Many journals are adopting a recently developed mechanism for correcting the scientific record known as “retract and replace” — usually employed when the original paper has been affected by honest errors. But if an article is retracted and replaced, can readers always tell? To find out, Ana Marušić at the University of Split School of Medicine in Croatia and her colleagues reviewed 29 “Corrected and Republished Articles” issued between January, 2015 and December, 2016, noting how they were marked by Web of Science, Scopus, and the journals themselves. They report their findings today in The Lancet.
Retraction Watch: You found some inconsistencies in how articles are handled by journals and other databases. What were the most surprising and/or troubling to you?
Ana Marušić: The most troubling were a few cases of articles that were retracted because of an error and for which a corrected version was published. The journals published an accompanying notice about the reasons for retraction and republication, and some even published the article with the changes indicated. However, they kept the same DOI as for the retracted article. According to the indexing specialists, this is not the proper way of marking different versions of the published record. Therefore, the National Library of Medicine (NLM) considers such articles as retracted, instead of “corrected and republished articles,” which is one of the standard tags in PubMed.
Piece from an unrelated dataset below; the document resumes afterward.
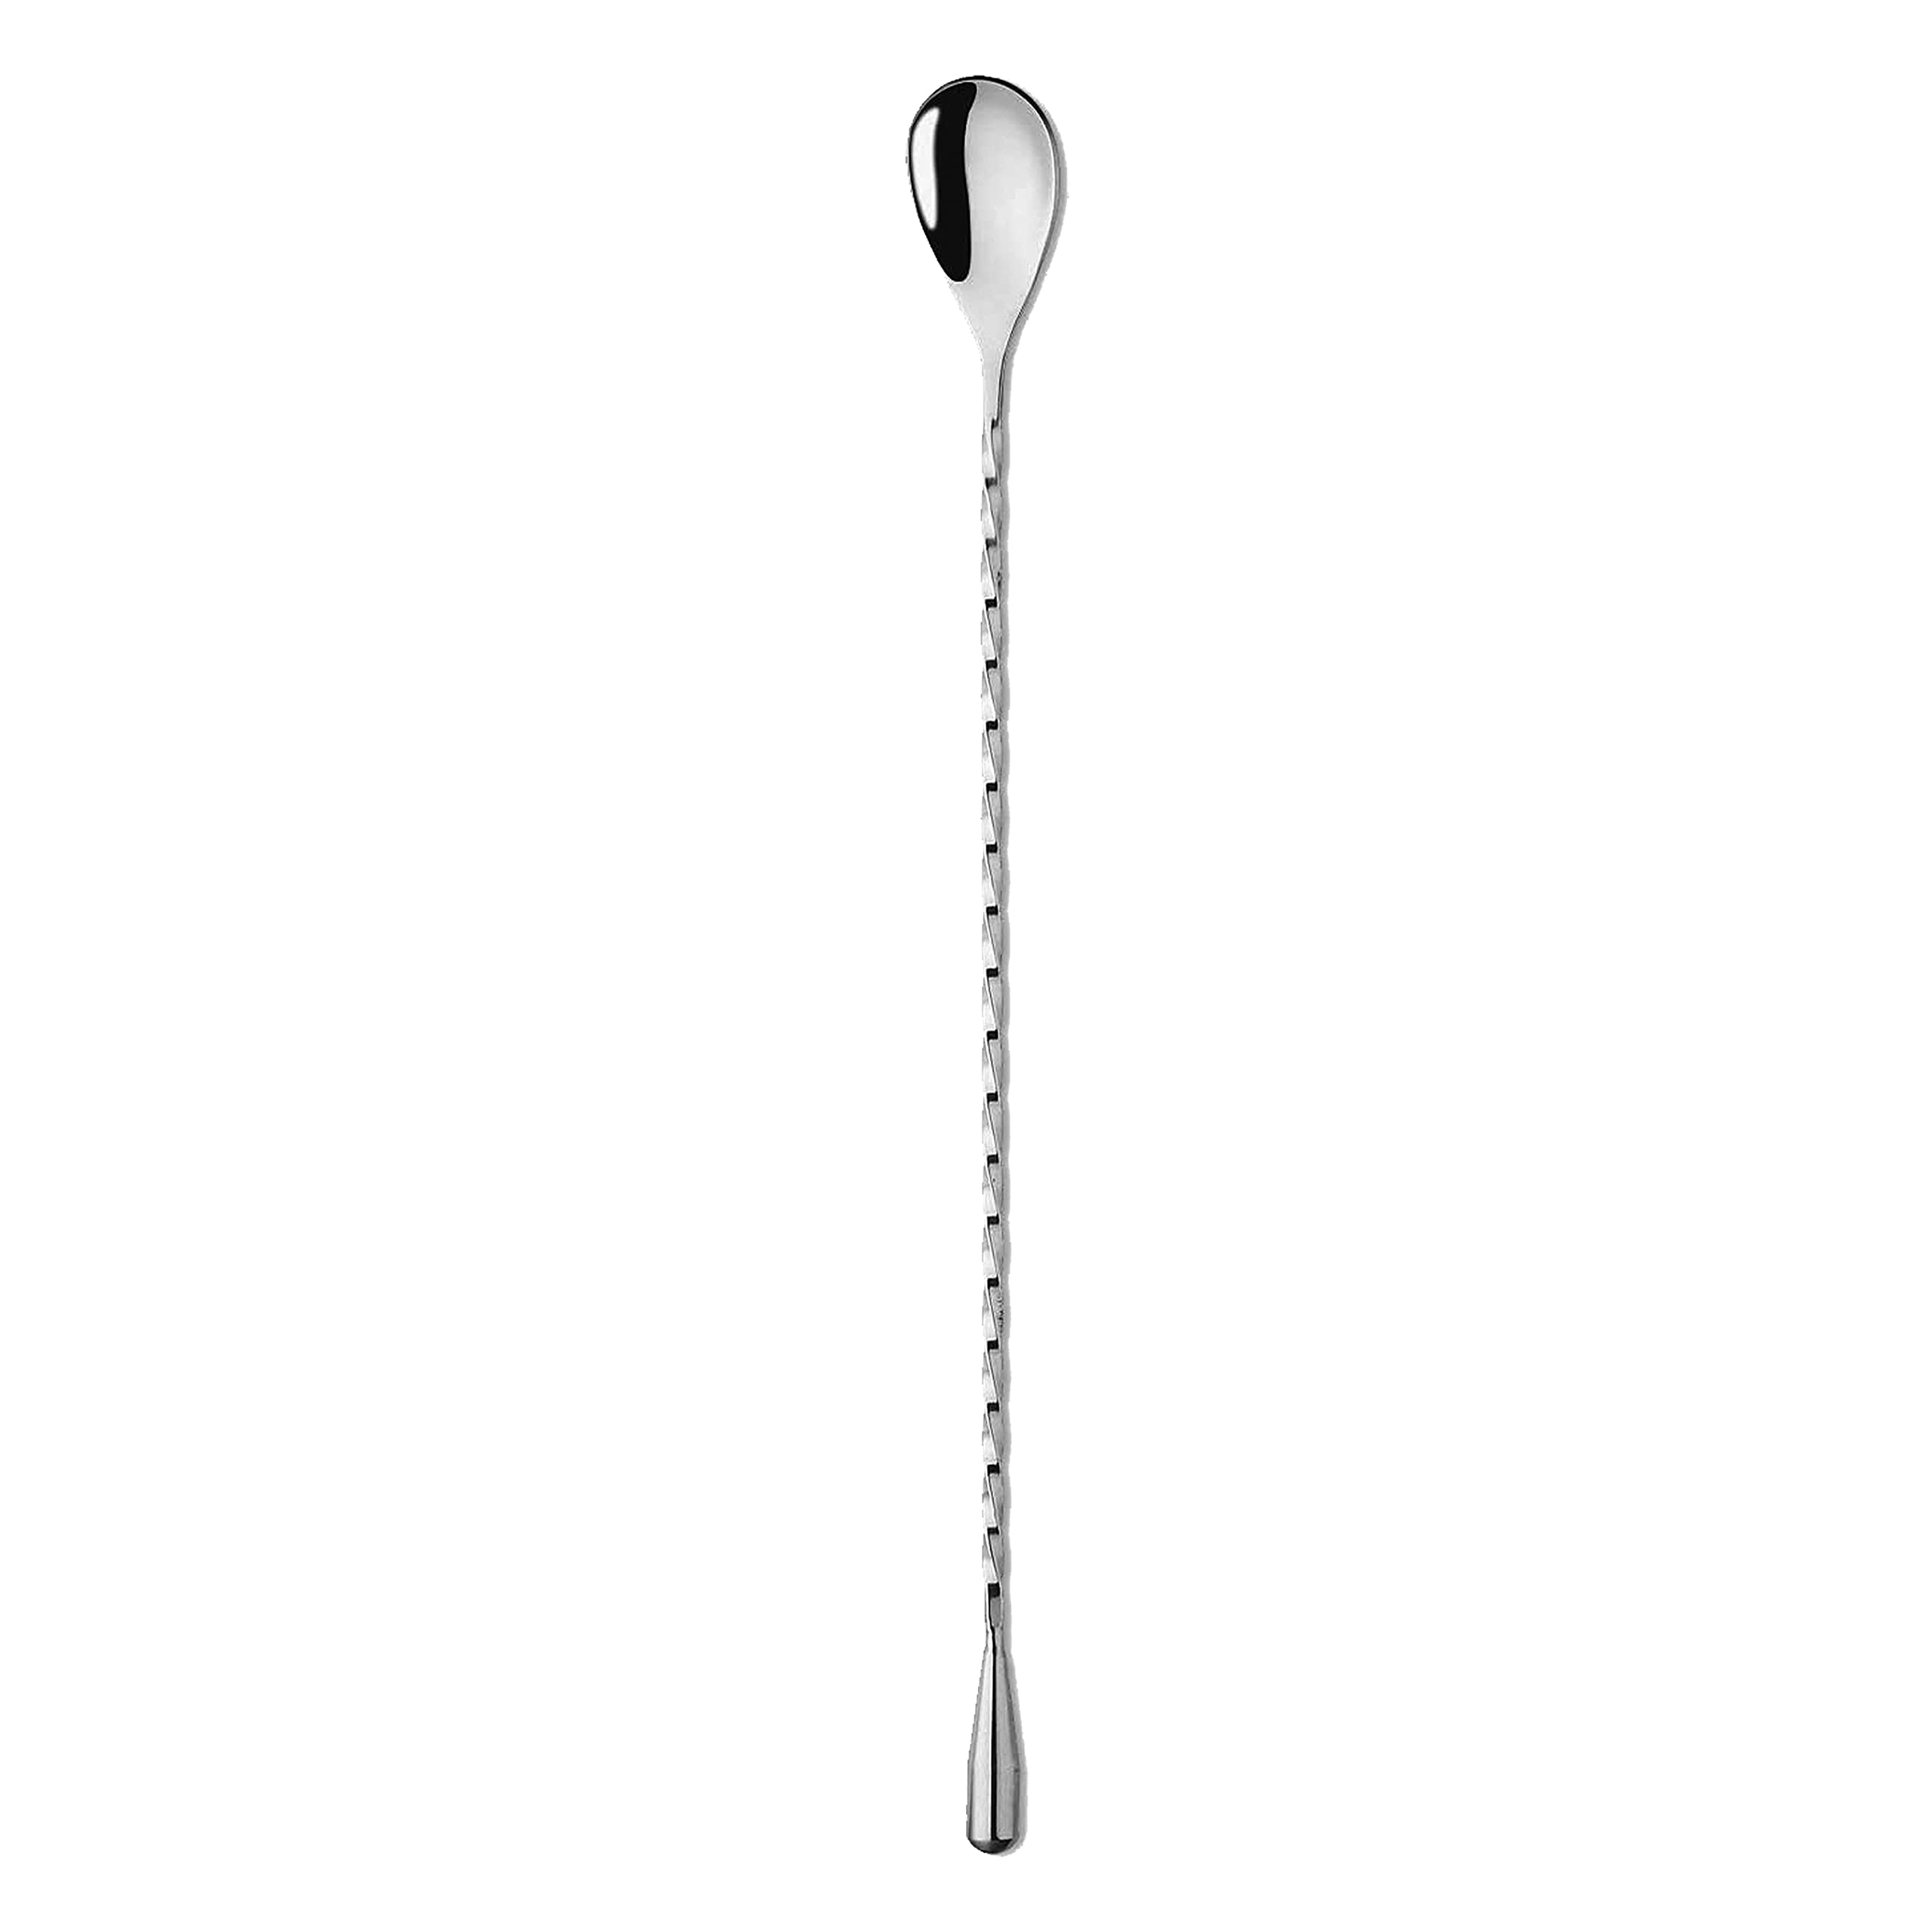 OGGI Spiral Handle Bar Spoon Cocktail Mixing Spoon - Elegant Bar Mixing Spoon with 13 inches / 33.5 cm Swivel Handle, Essential Mixology Bartender Kit, Old Fashioned Kit, Stainless Steel

This means that, when you search for these articles, you will see them as “retracted articles” (written on a big pink banner at the top of the page), although the version that is recorded presents a valid piece of research.
RW: As people have noted, many types of articles — even straightforward retractions — are not always marked consistently across different platforms. Is it particularly important for different platforms to handle “retract and replace” consistently and/or transparently? If so, why?
AM: Today, most of us search for information using bibliographical databases, and not by reading individual journals. If we are not sure which is the reliable source of information, or if we are not sure which version to read and use (cite), than the whole scientific information system becomes unreliable. Which information can I trust? Do I have to be an expert in bibliographical indexing to be able to find relevant and reliable information? Inconsistent indexing of corrections (or any other version of the published record) is especially problematic in evidence synthesis, such as systematic reviews, because it retrieves seemingly different records, which are difficult to de-duplicate and may increase bias.
RW: As you noted, JAMA and some other journals use the same doi for the original and replacement articles. What do you think about that?
AM: While their practice is honorable towards the authors because it preserves the continuity of their original publication, it is not correct from the point of view of current standards to keep track of the published record. A published record (article) was corrected, and this has to be clearly indicated so that we can see the changes and make our own critical appraisal of the information. The visibility of changes is important. Take the example of clinical trial registries, such as ClinicalTrials.gov, where we can find not only the original registration of a trial but also all subsequent changes to this record until the trial’s end and beyond. This is important because we can then check whether there were any changes to the important aspects of trials, such as primary outcomes, and whether a submitted manuscript suffers from selective reporting bias.